So is this what's happening? My 5v digital circuit is mucking up the ground, and the 50v analog circuit is unhappy about it?

I don't really want to have two ground wires going to my circuit, so I am wondering what I can do to solve this problem? I thought initially I could just stick a 10k resistor between the relay's output and J1 of the 50v board...... But, that didn't seem to do anything.

Could anyone give me some guidance and suggestion on what I should do?

Firstly, it's digital not analog!

The circuit works by using the first transistor as a digital inverter. The second transistor is a power driver, presumably to drive a relay or solenoid conneced between J1.4 and J1.5.
With J1.1 open circuit or at least allowed to rise to it's natural voltage, the first transistor is made to conduct by the voltage on it's gate which comes from a potential divider R1+R2 and R3. This makes it about 7.6V which is plenty to make it conduct and pull it's drain pin close to GND. When the input pin (J1.1) is pulled low, the gate voltage is removed because the current in the potential divider is diverted through D1 making the voltage much lower (typically about 0.6V) so the first transistor turns off and it's drain voltage goes high.

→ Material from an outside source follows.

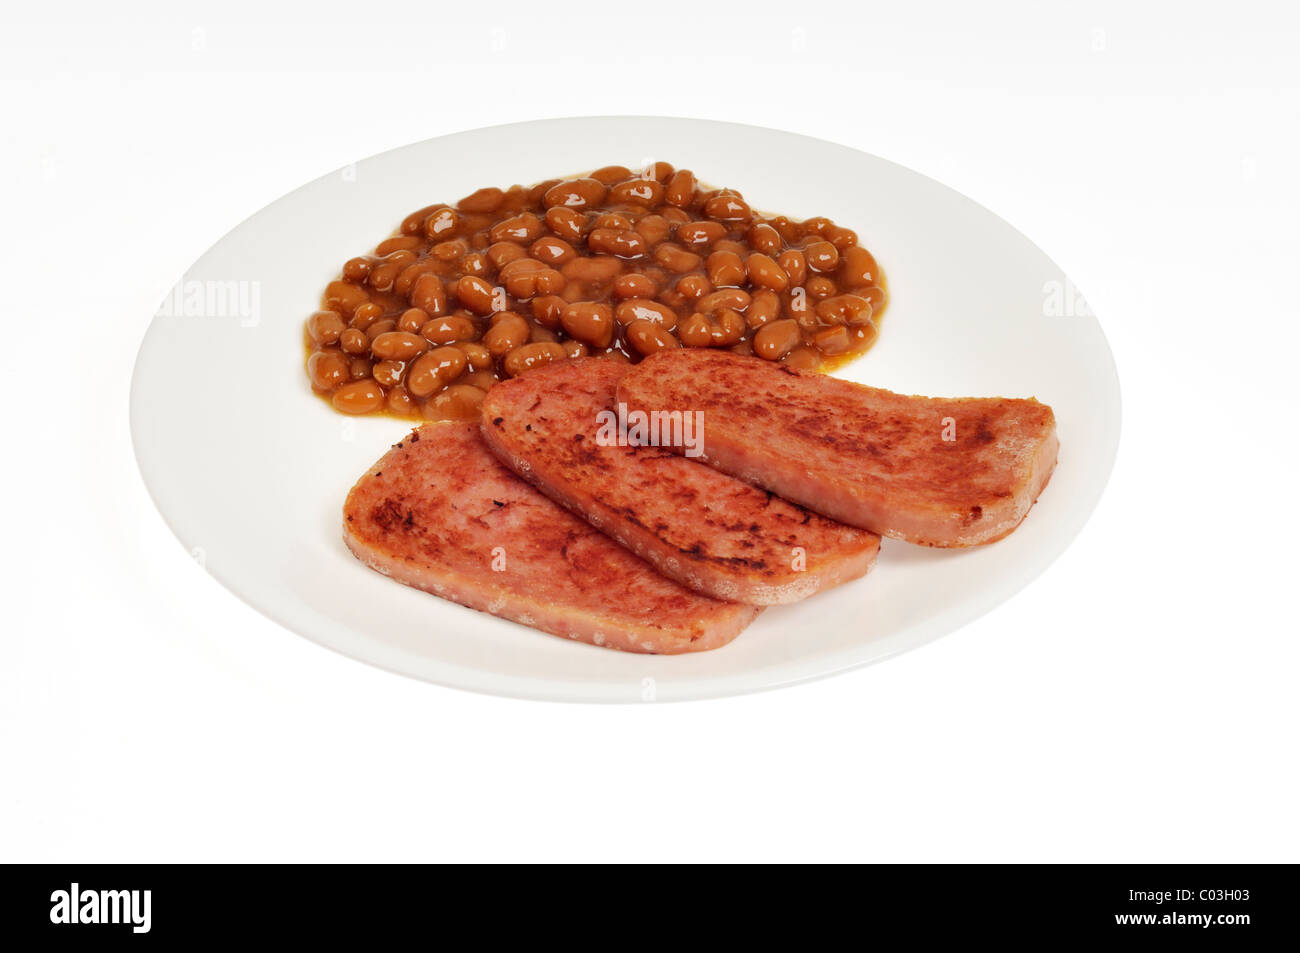 Grillé cuit Hormel spam avec Pork and Beans sur plaque blanche avec fond blanc, découpe. USA Banque D'Images

I suspect your problem is that the 5V logic level you are driving it with is too low and being seen as 'low' and 'not quite high enough". It needs to be at least 7.6V when high and the 5V you are providing is borderline on being high enough so it is leaving the circuit in an indetermnate state. Your better solution is to wire an NPN bipolar transistor across pins J1.1 and GND with it's collector to J1.1 and drive your digital signal through a 1K resistor to it's base. Alternatively, if you want to use your relay, wire it's contacts across J1.1 and GND but keep the grounds of the 50V supply and the logic supply isolated.

Brian.

betwixt said:

I suspect your problem is that the 5V logic level you are driving it with is too low and being seen as 'low' and 'not quite high enough". It needs to be at least 7.6V when high and the 5V you are providing is borderline on being high enough so it is leaving the circuit in an indetermnate state. Your better solution is to wire an NPN bipolar transistor across pins J1.1 and GND with it's collector to J1.1 and drive your digital signal through a 1K resistor to it's base. Alternatively, if you want to use your relay, wire it's contacts across J1.1 and GND but keep the grounds of the 50V supply and the logic supply isolated.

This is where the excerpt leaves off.